Markets

Outlook 2015: Business Cycle - UK Equities

UK equities should make upward progress in the year ahead given the backdrop of moderate growth, low interest rates and subdued inflation.

10/12/2014

Matt Hudson

Matt Hudson

Head of Business Cycle Equity Team

  • UK equities should make upward progress in the year ahead given the backdrop of moderate growth, low interest rates and subdued inflation.
  • Supportive monetary policy, with analysts and investors expecting continued policy intervention in the eurozone and Japan, should stave off deflation. 
  • We are seeking out those Value Defensive and Growth Defensive stocks with lower ratings and resilient earnings such as telecoms and pharmaceuticals.

 

A combination of patchy global growth and elevated indebtedness means the business cycle will be shallower than in the past.

UK equities look attractively valued as an asset class and we believe that a backdrop of moderate growth, low interest rates and subdued inflation should allow further upward progress to be made in the year ahead.

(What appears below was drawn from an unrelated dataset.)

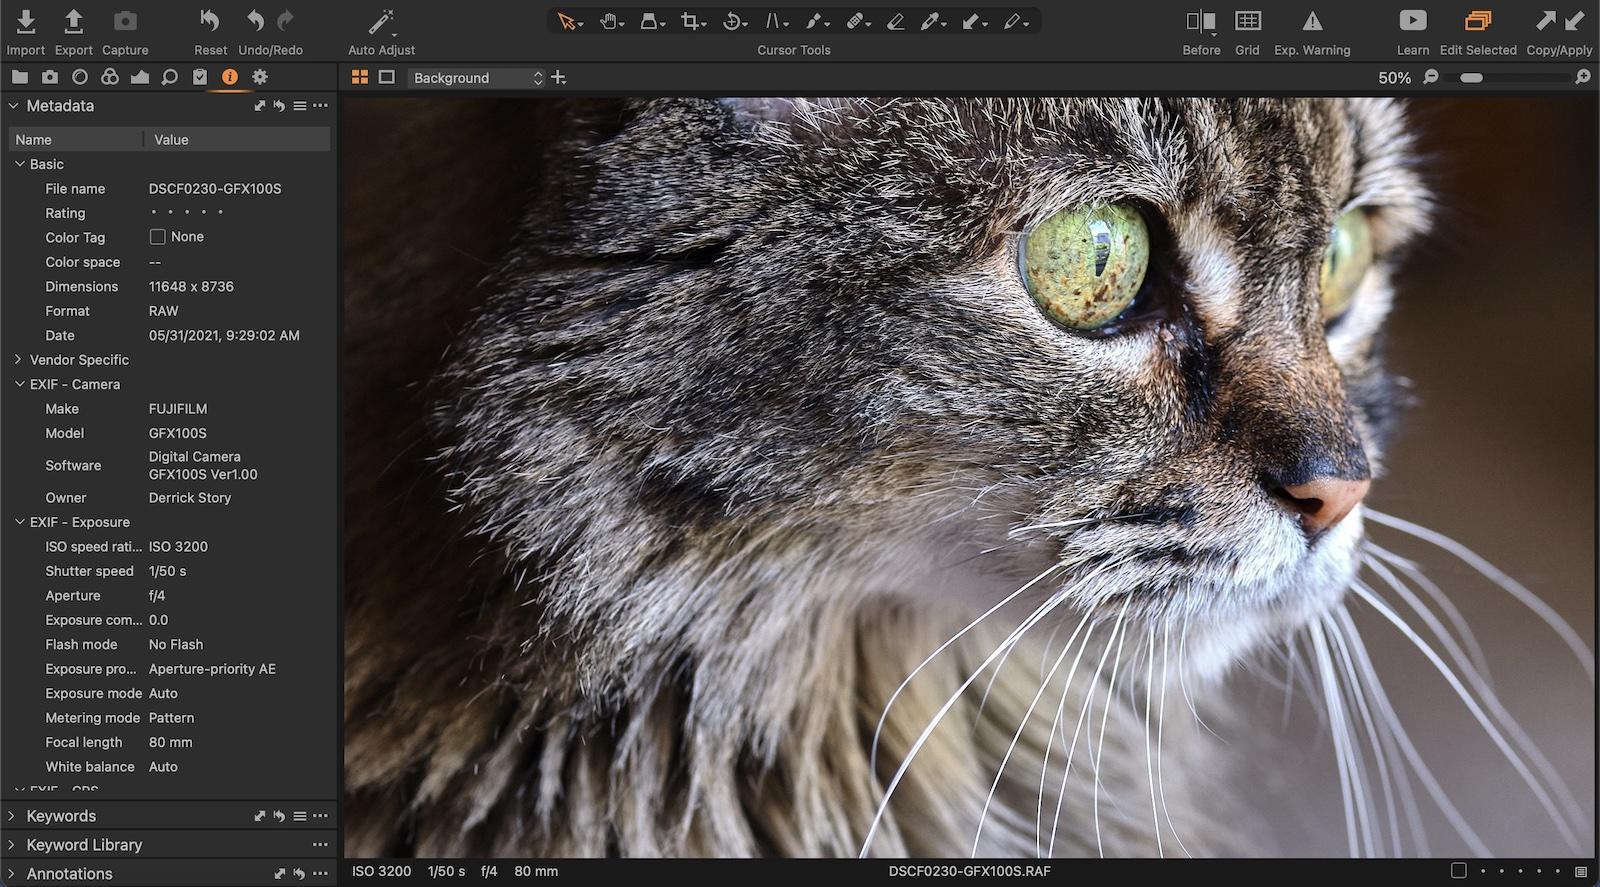 https://thedigitalstory.com/2021/06/01/cat-portrait-GFX100S-1600.jpg

However, a combination of patchy global growth and elevated indebtedness means the business cycle, and in particular peak economic growth levels, will be shallower than in the past.  Periods of slower growth, as we have seen lately, will be met with concern on the part of investors and policy makers anxious about a return to recession and financial stress.

Nonetheless, despite this potential volatility, we believe that the potential for a recovery in capital investment and a likely increase in takeover activity are supportive, while the fall in the oil price should provide a fillip to economic growth. UK equity investors in particular could stand to benefit in the meantime from a prospective dividend yield of 3.8% and dividend growth of 6-8%.

 

UK equity investors in particular could stand to benefit in the meantime from a prospective dividend yield of 3.8% and dividend growth of 6-8%

Deflation fears overdone

Supportive monetary policy, with analysts and investors expecting continued policy intervention in the eurozone and Japan, should help to stave off deflation.  Indeed the deflationary fears which have driven ‘gilt proxies’, such as many of the utility companies found within Value Defensives, one of the seven style groupings followed by the Business Cycle equity team are fully valued for their expected earnings growth and in the main we have limited exposure to this area.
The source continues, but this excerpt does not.